__TASK DIRECTIONS__:
With the images removed, write out every line below exactly.

__DATA EXCERPT__:
● ● ● ● ● ● ●

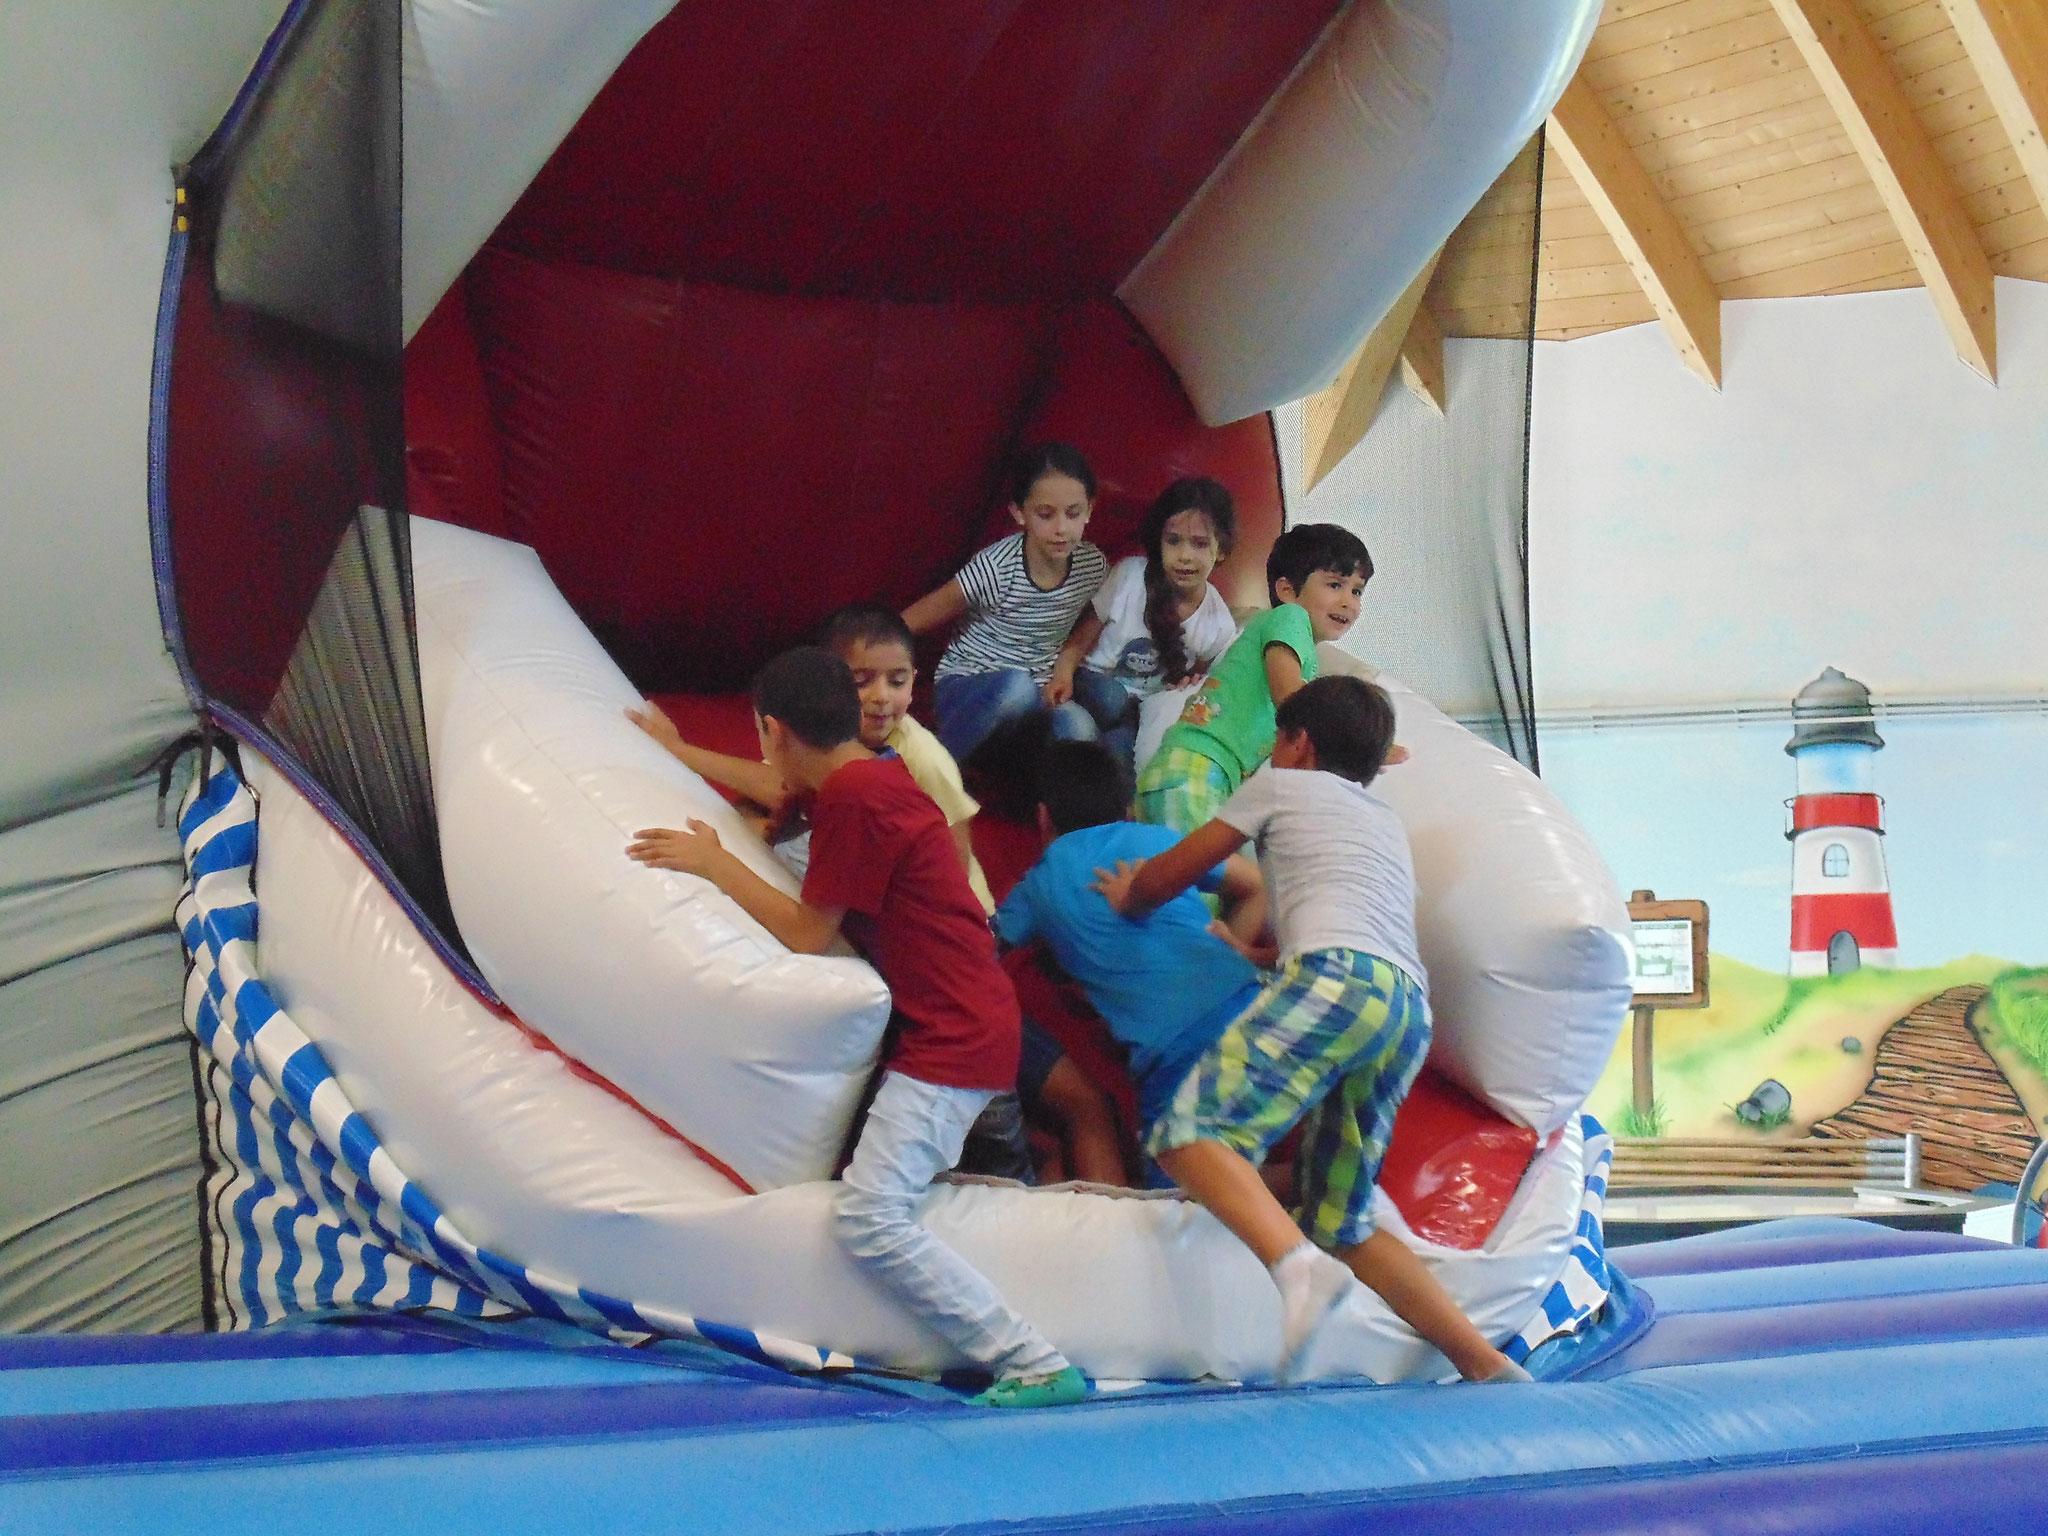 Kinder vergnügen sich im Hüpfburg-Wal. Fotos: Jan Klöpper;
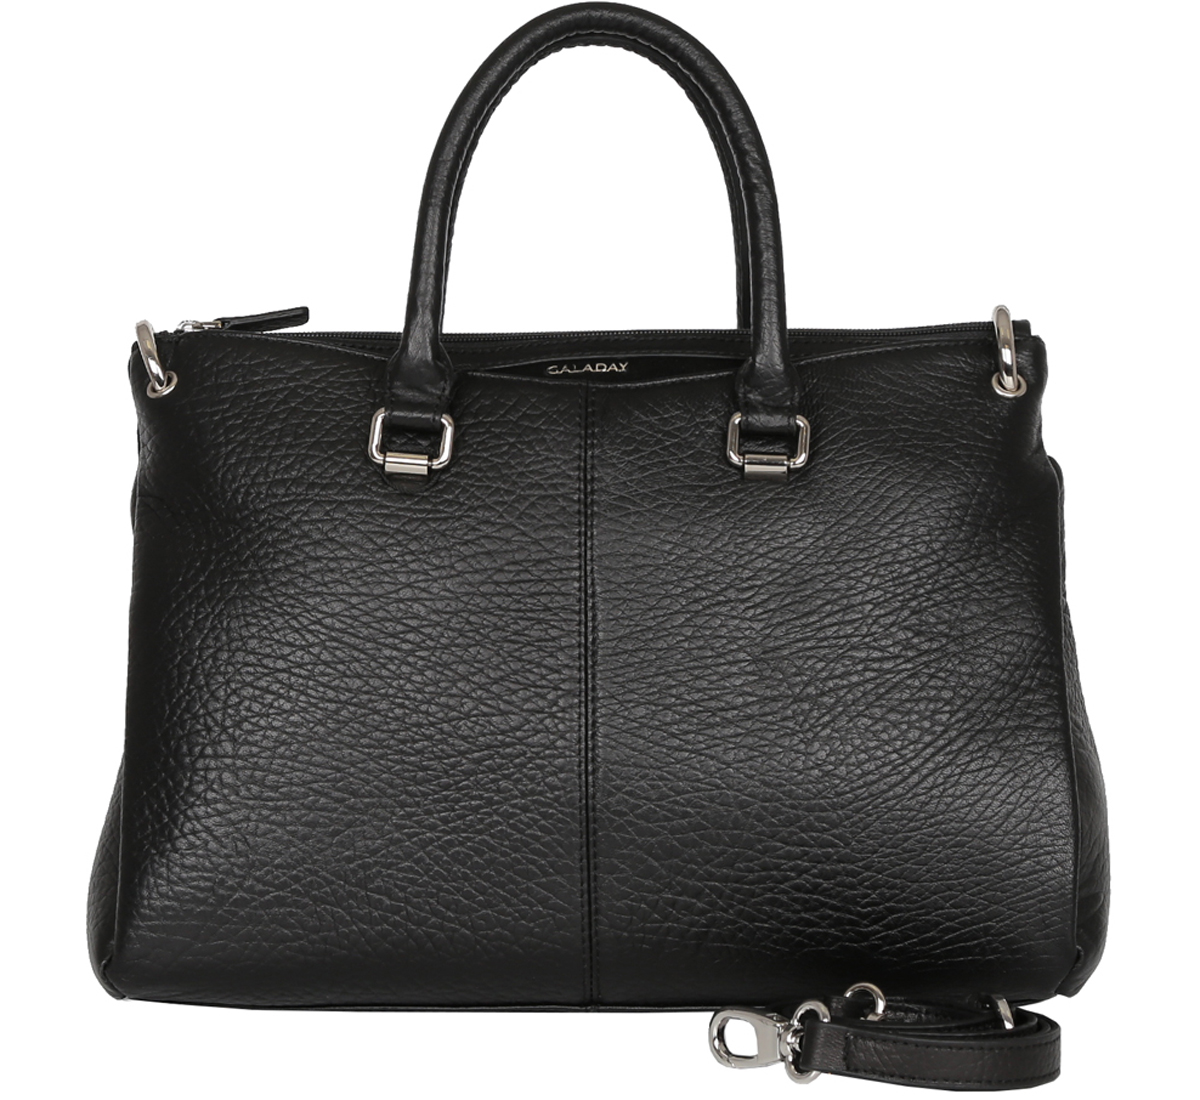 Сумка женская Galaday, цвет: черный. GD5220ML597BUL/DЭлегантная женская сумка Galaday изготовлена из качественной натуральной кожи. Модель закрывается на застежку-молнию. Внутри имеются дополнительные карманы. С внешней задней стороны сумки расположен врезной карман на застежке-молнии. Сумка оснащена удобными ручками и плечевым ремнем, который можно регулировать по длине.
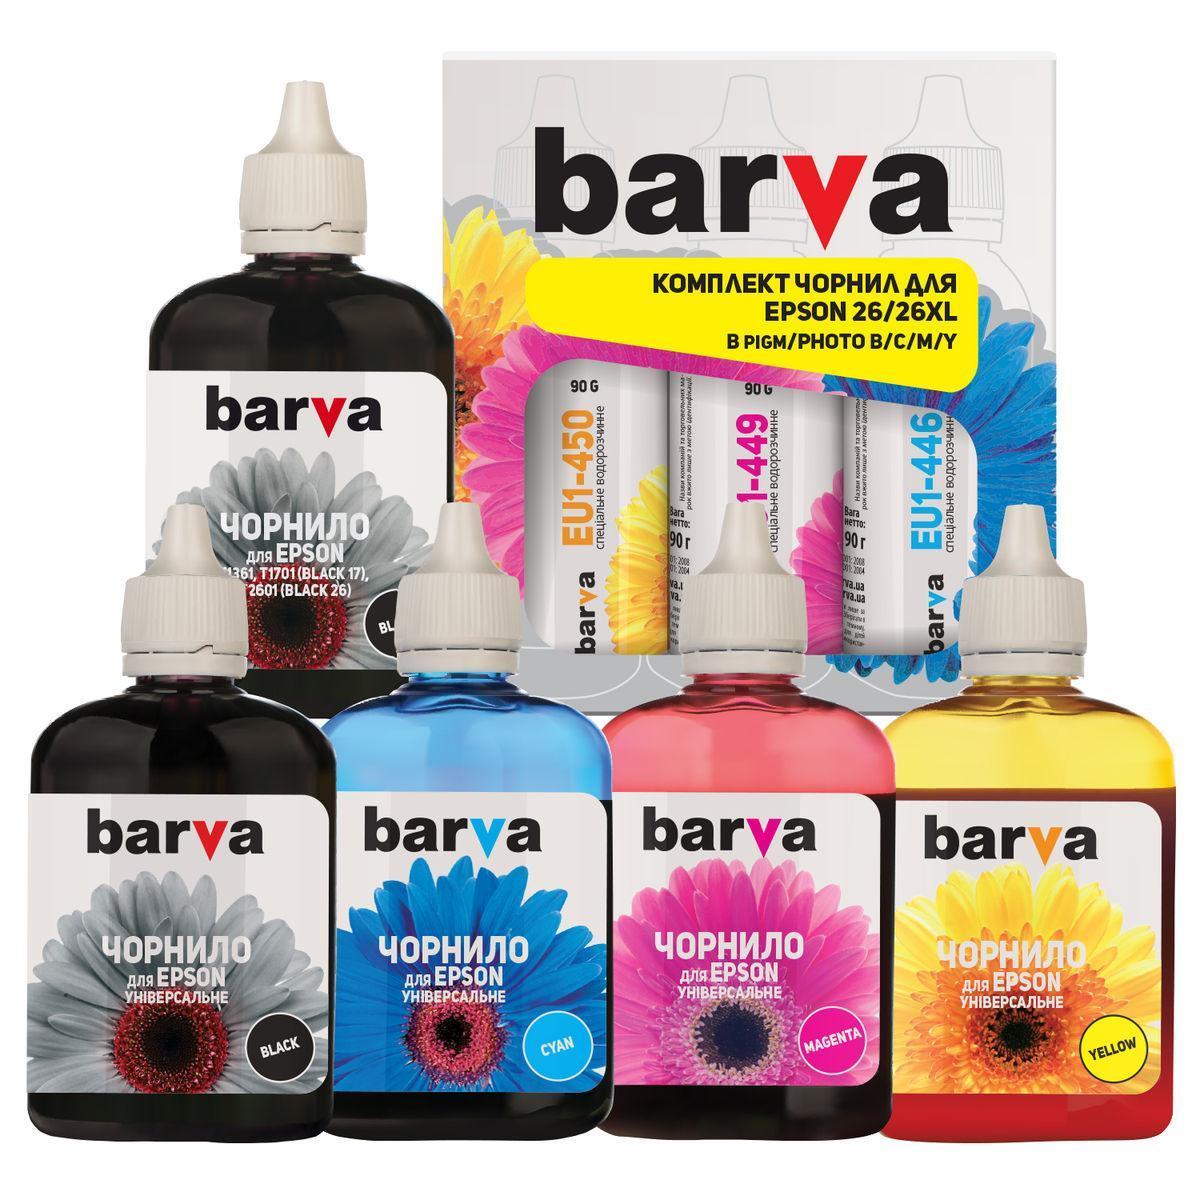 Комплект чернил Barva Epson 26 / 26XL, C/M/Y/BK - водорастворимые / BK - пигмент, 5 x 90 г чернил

● ● ● ● ● ● ●

__ANSWER BELOW__:
 Kinder vergnügen sich im Hüpfburg-Wal. Fotos: Jan Klöpper;
 Сумка женская Galaday, цвет: черный. GD5220ML597BUL/DЭлегантная женская сумка Galaday изготовлена из качественной натуральной кожи. Модель закрывается на застежку-молнию. Внутри имеются дополнительные карманы. С внешней задней стороны сумки расположен врезной карман на застежке-молнии. Сумка оснащена удобными ручками и плечевым ремнем, который можно регулировать по длине.
 Комплект чернил Barva Epson 26 / 26XL, C/M/Y/BK - водорастворимые / BK - пигмент, 5 x 90 г чернил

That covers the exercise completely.